I’d recently been watching a lot of Michael Portillo before “all this” started. He’s a man who does a lot of real journeying, seemingly without luggage, hassle, or crowds; he’s a well known enthusiast for multicolourturalism, at least in matters sartorial, a believer that acid green, phthalo blue and strip club pink can live together happily, in varied permutations, side by side, in the form of jackets, shirts and strides. Not a bad role model. Probably better than fluorescent mauve, pillarbox red, and dayglo custard. Anyway, now I’m imagining that tiresomely repetitive moment at the beginning of his Great Continental Railway Journeys when he announces “I’m embarking …” and I shout at the telly, “No, you’re not in Barking, you’re at St Pancras”.

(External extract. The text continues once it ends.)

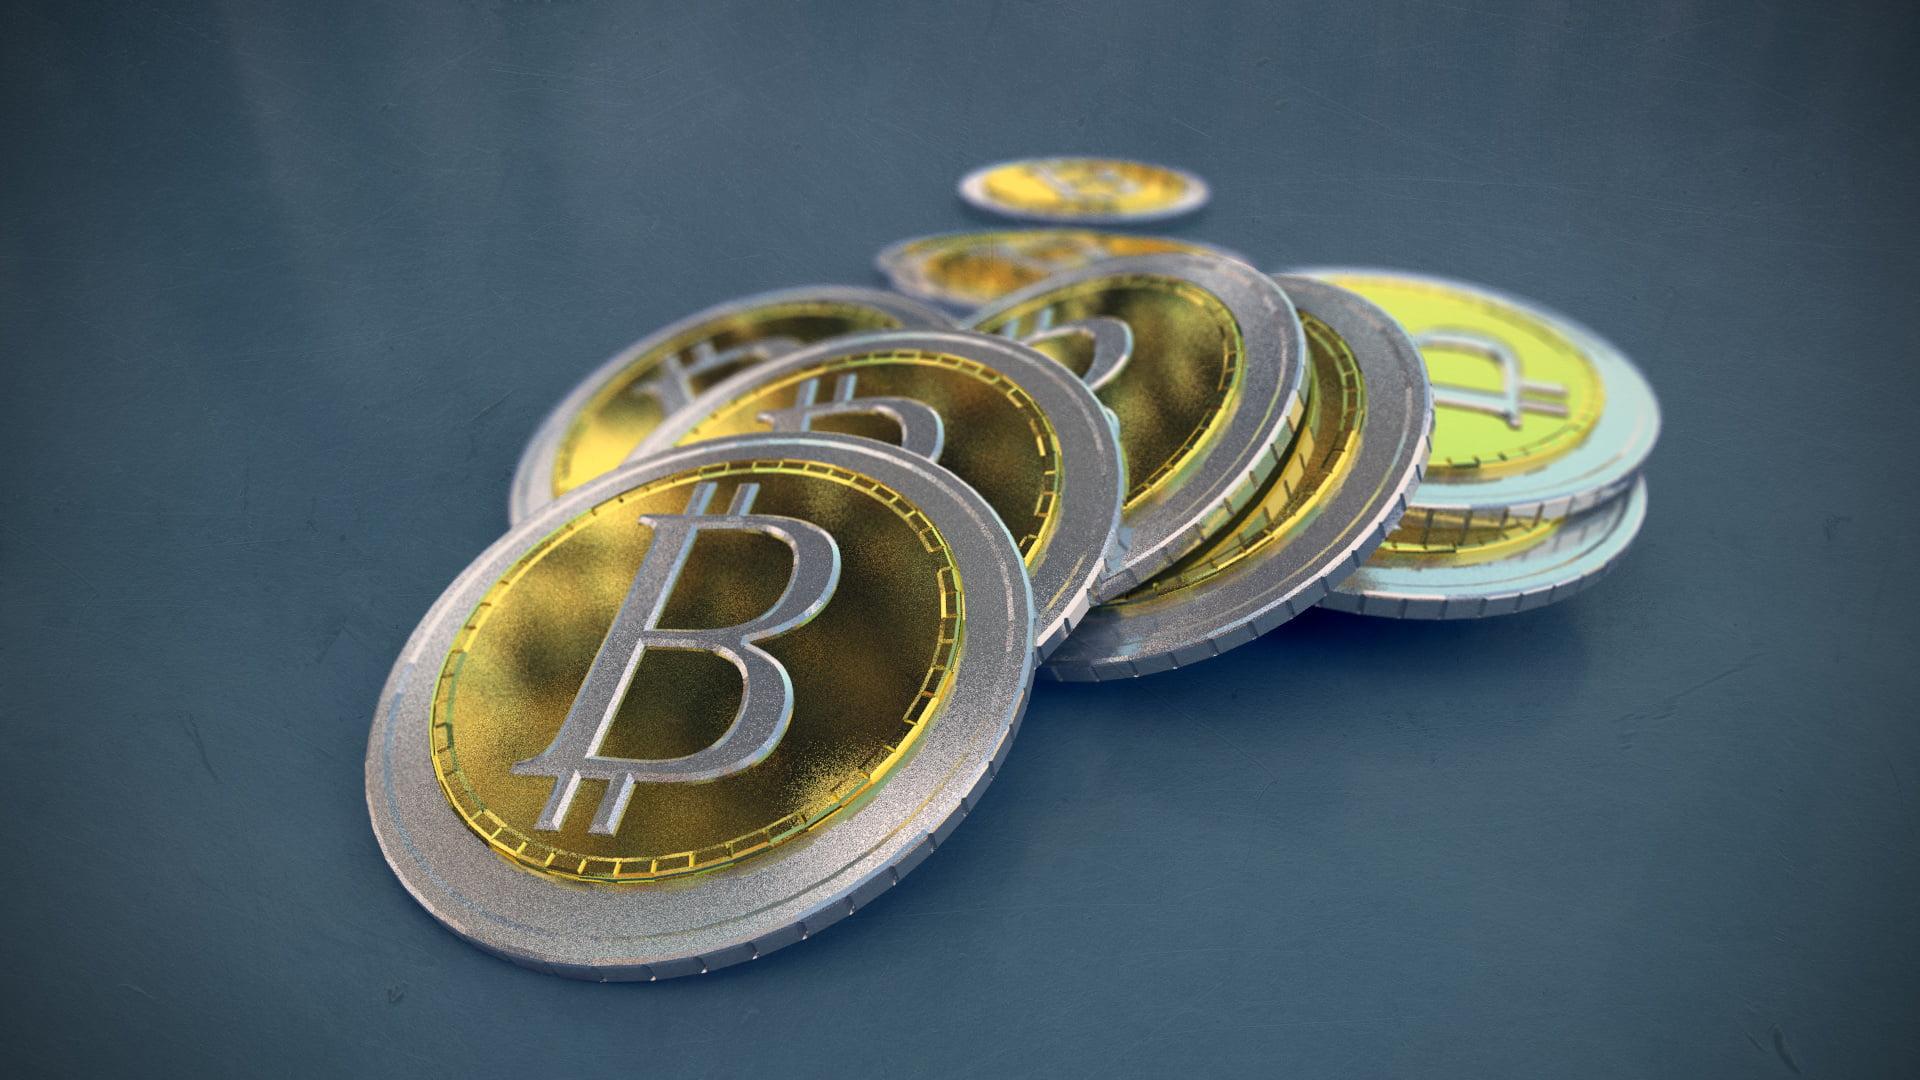 bitcoin silk road, bitcoin drugs, bitcoin black market

And off we go on the Eurostar. Whining up the steep curve past the gasholder-clad apartments, the deep rumble of the bridge-tunnel across the ECML, speeding up, the vertical concrete cavern of Stratford International that would make a fitting location for a Baconian screaming pope, more acceleration, thrust back into one’s seat, container terminals, low cloud over Dagenham, pylons, the Medway Bridge, the upwards thrust from the flyover over Ashford International, very kinaesthetic this, the imaginary Eurostar experience, and then that long unique sound, that distinctive urgent frequency, deep under the sea for 21 minutes or so. Out the other side, sunnier, Calais-Fréthun, a sense of being high up, looking back towards the coast, white buildings, extra-bright, Gravelines or Dunkerque perhaps, think briefly of England, onwards past neat copses, isolated churches, armies of pylons looking simultaneously French and feline, on and on, decelerating close to CDG, the Sacré-Coeur on its summit, almost erotic in its fabulous foreignness, and then slowing right down, right down, surrounded by dark tenements and double decker trains, and into the Gare du Nord. Clonk.

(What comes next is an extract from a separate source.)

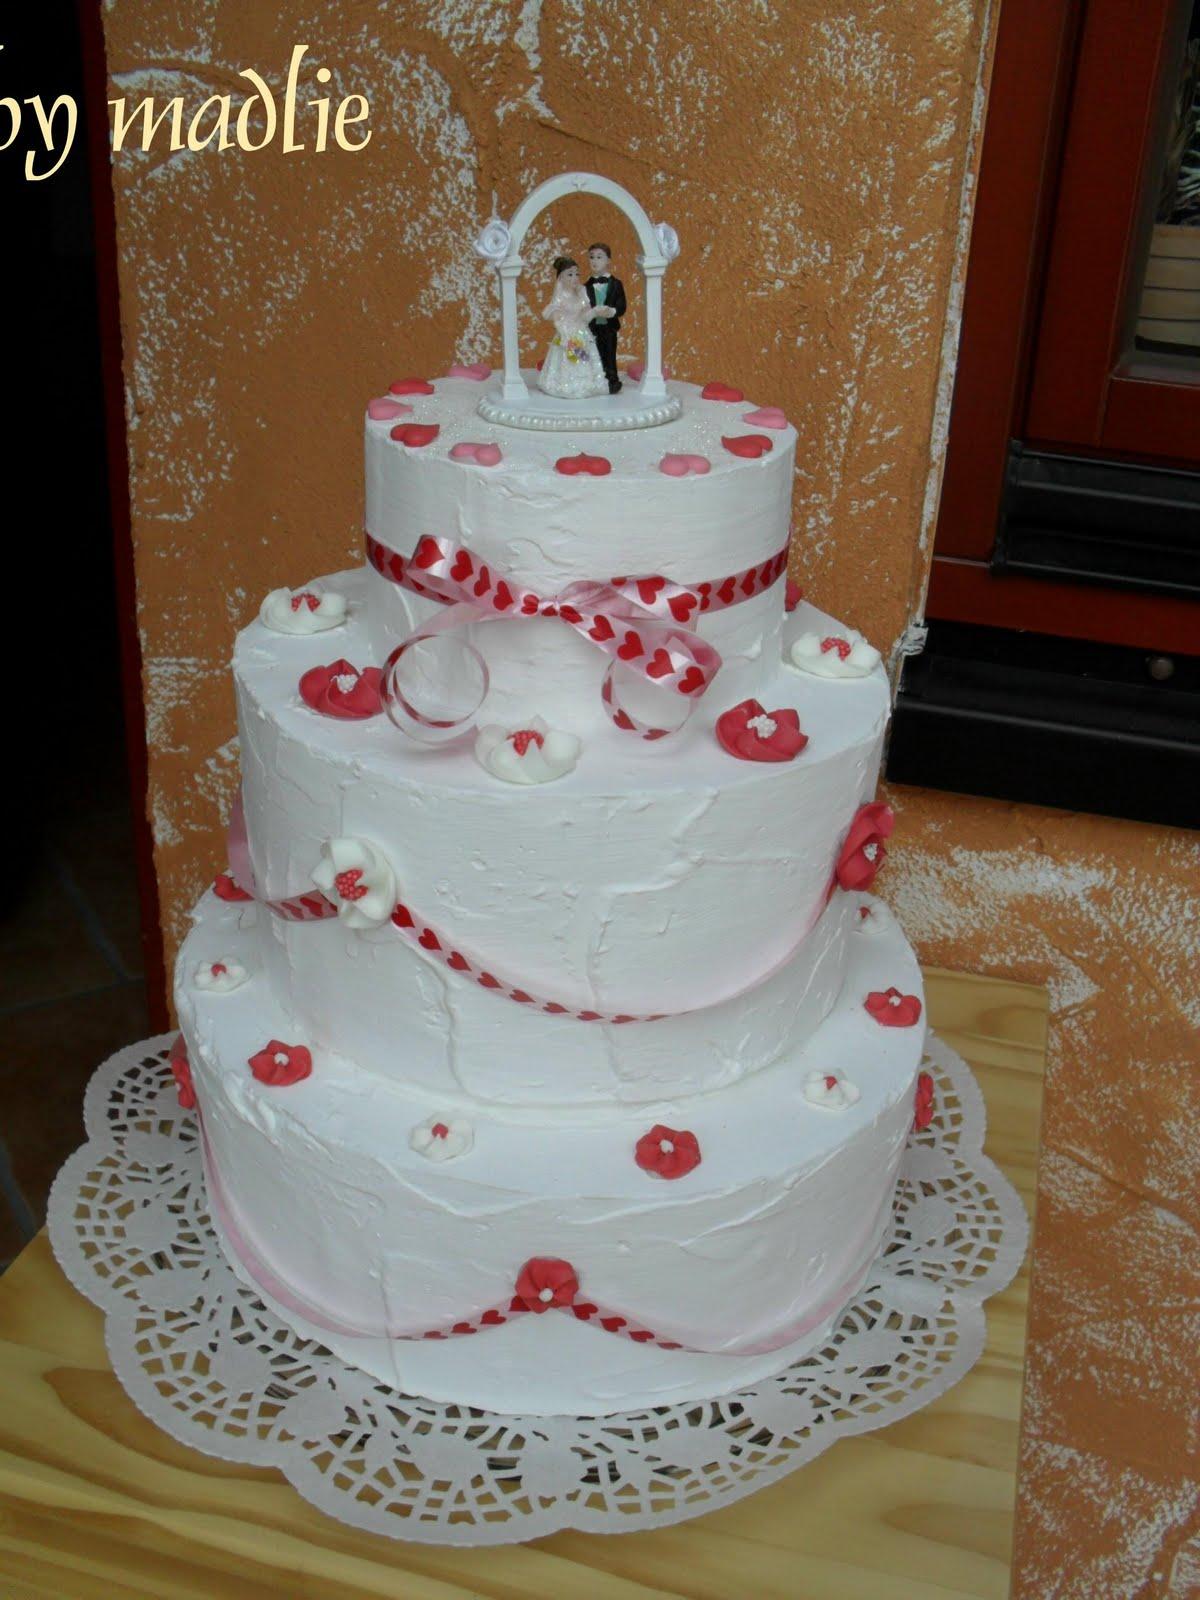 Madlies Welt: Hochzeitsgeschenk für meine Kollegin

Quickly through the dodgy crowds and out again, probing into the streets of the tenth arrondissement. Down to the Boulevard de Magenta, stretching ahead endlessly, unforgiving in the fierce late morning sun. It goes on for ever, so I’ll stroll just as far as the crossroads with the rue La Fayette. To the right, another long view, it goes for miles, dead straight to the Opéra and the centre of things. Exhausting just to look at. I think I’ll turn the other way. That’s dead straight too, but with some sort of end in sight. Across the big skew girder bridge spanning the tracks out of the Gare de l’Est; thoughts of Strasbourg, Basel, Germany – everything is so close once you’re across the Channel. On, crossing awkward junctions, urban density like it should be.

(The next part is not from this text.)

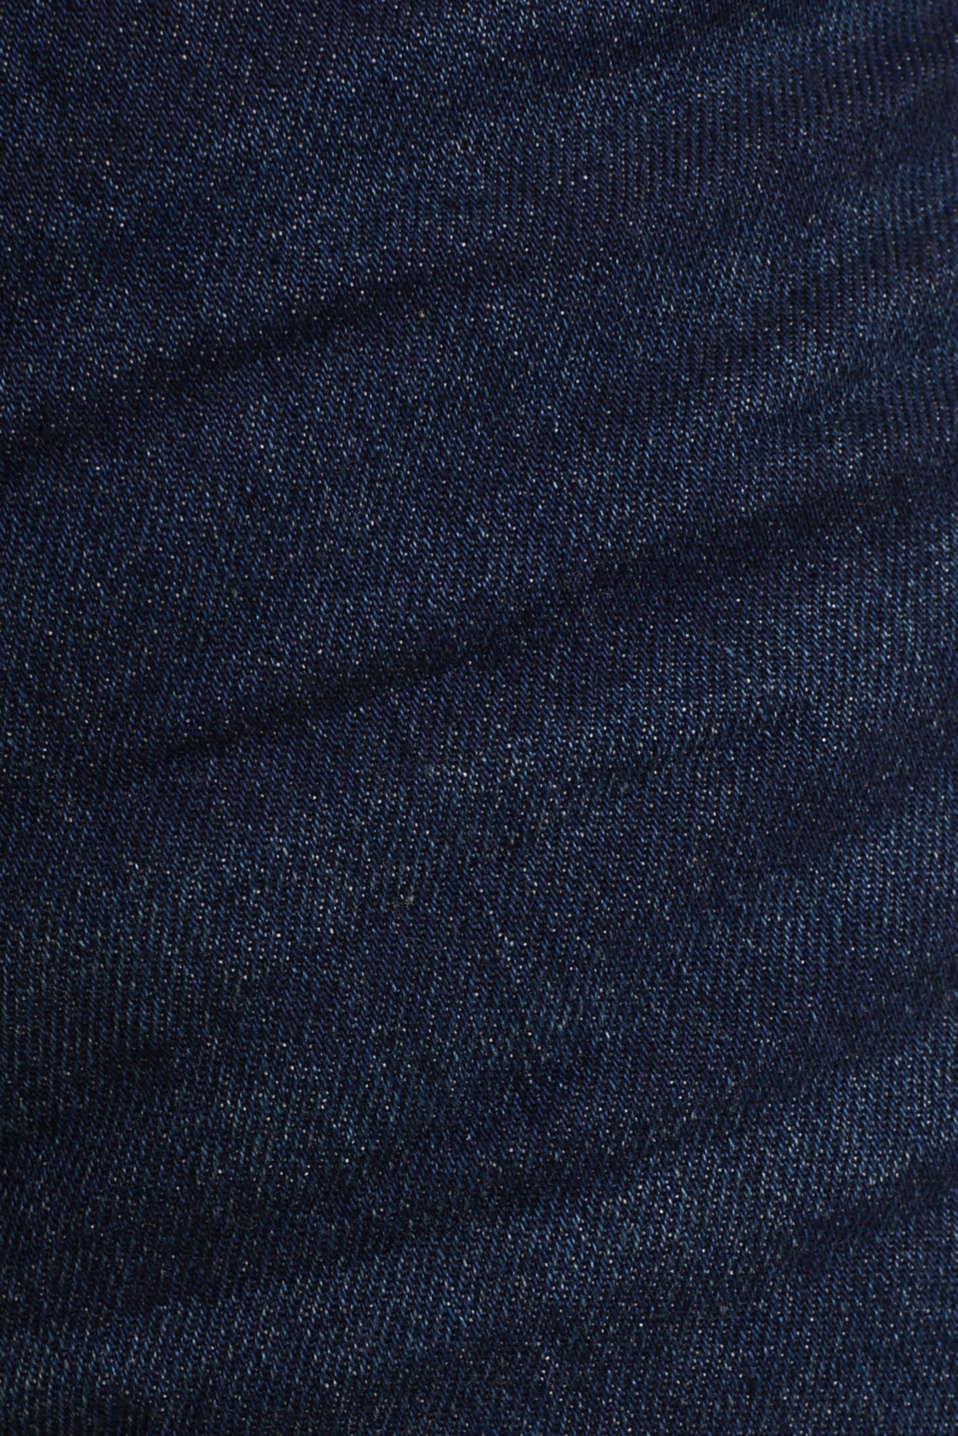 Denim Bermudas in a garment-washed look, BLUE DARK WASH, detail image number 4

Suddenly the surrounding dark buildings give way and I’m at Stalingrad, the complex intersection commemorating the battle, beneath which the Canal St Martin segues invisibly with the Bassin de la Villette. At this point the tenth arrondissement becomes the nineteenth. At this precise moment mere imaginary travel, mere journeying in the head, vanishes and my whole body explodes into a painful ecstasy of longing, of yearning, of desire, of some unexpected kind of reality, of desperately needing to be there in the eternal city. Now, this instant.


Line 2 Metro trains rattle overhead along the wibbly-wobbly viaduct, in and out of Jaurès station. I cross over the busy road, the Blvd de la Villette, a kind of inner ring road popular with homicidal lorries, and I head up the slow hill of the Avenue Secrétan, a sense of being out of the central city now, newer buildings, very civilised, urbane, progressive. Past the stairwell leading down into Bolivar station. Someone – actually, Tim Moore in his 2001 “Continental Drifter” - once said that the Metro smells like a combination of popcorn and farts; today it doesn’t, it just smells ecstatically of Paris, of life. To the top, and into the Parc des Buttes Chaumont in all its surreal quarried loveliness. A perfect spot for a picnic. I make a mental note – for real life - just as soon as “all this” is all over.